Sunday, July 10, 2011

A surfing ad

Well, I've had some exciting events happen to me lately. I found out last week that I was in Glamour magazine with two of my friends and co-workers. (We had all three gone to the next to last shuttle launch at mission control and one of the ladies brought a Glamour magazine so that we could have our picture taken. She submitted the photo and it got published. We were on page 24 of the August issue.) Then, today, the August edition of the local tabloid, The Parrot, came out and I'm in an ad...a surfing ad. It's really funny, and funny-looking. It's an ad for Brian's Jetty 43 surf camp. I had no idea I was going to be in the ad. He chose two old pics (from last year and the year before) of me to put in the ad, which is really funny. Me in a surfing ad!

I didn't get to surf on Friday. There were no waves, and Brian didn't like bringing a SUP , which is okay for me since I was pretty tired anyway. I took the afternoon off, since I had ridden my bike to work that day and knew that I had a 5-mile run and 50+-mile ride on Saturday. I needed the rest.

Today (Sunday), however, I did take my 9' Softop "Iris" and make a go out of the small, but clean waves that were breaking on the inside. The waves were perfect for me to practice turning. I believe, though, that I prefer a much stronger and bigger wave. I can't believe I'm saying that, but I'm learning that the stronger the wave (not necessarily bigger), the easier it is to get up.
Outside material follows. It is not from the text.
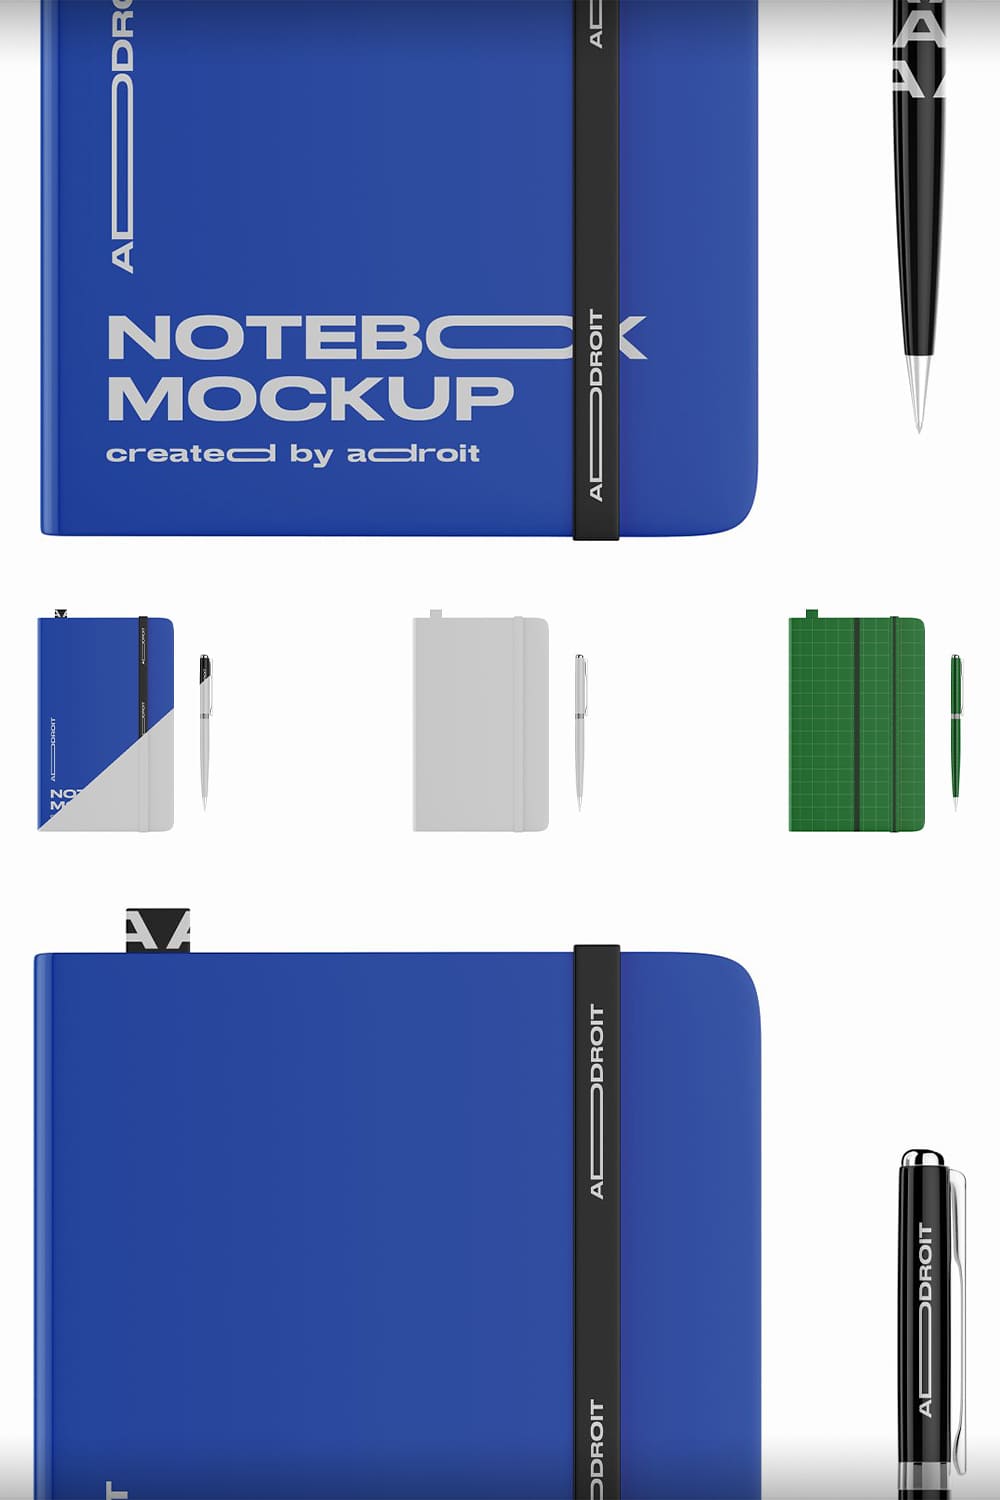 Notebook Mockup - Pinterest.

I had a number of good rides today, but I also had a wipe out, which is embarrassing when the wave is only a half-a-foot big. Nevertheless, I had fun!

Fun...it seems I'm always looking for ways to have fun. And, I do most times. I get my feelings hurt; that's for sure. But, I strive not to hurt others. I hope I'm successful, but I'm not sure I always am. And, I know that, probably, others don't try to hurt me. Lately, I've been remembering a quote that was found in the diary of Anne Frank. The quote is probably overused, but I still can't help but feel good when I think of it. I realize it is quite Pollyanna of me, but it helps me... "In spite of everything, I still think people are good at heart." For no reason, this quote popped into my head today while surfing. Actually, while out in the water, especially before the beach fills up with people and I'm out either alone or with only one or two other people, I have time to reflect on life. Today, once the beach started filling up with vacationers as well as the local beach-goers, I looked around as I surfed, and I know that what Anne Frank said is true. People are good.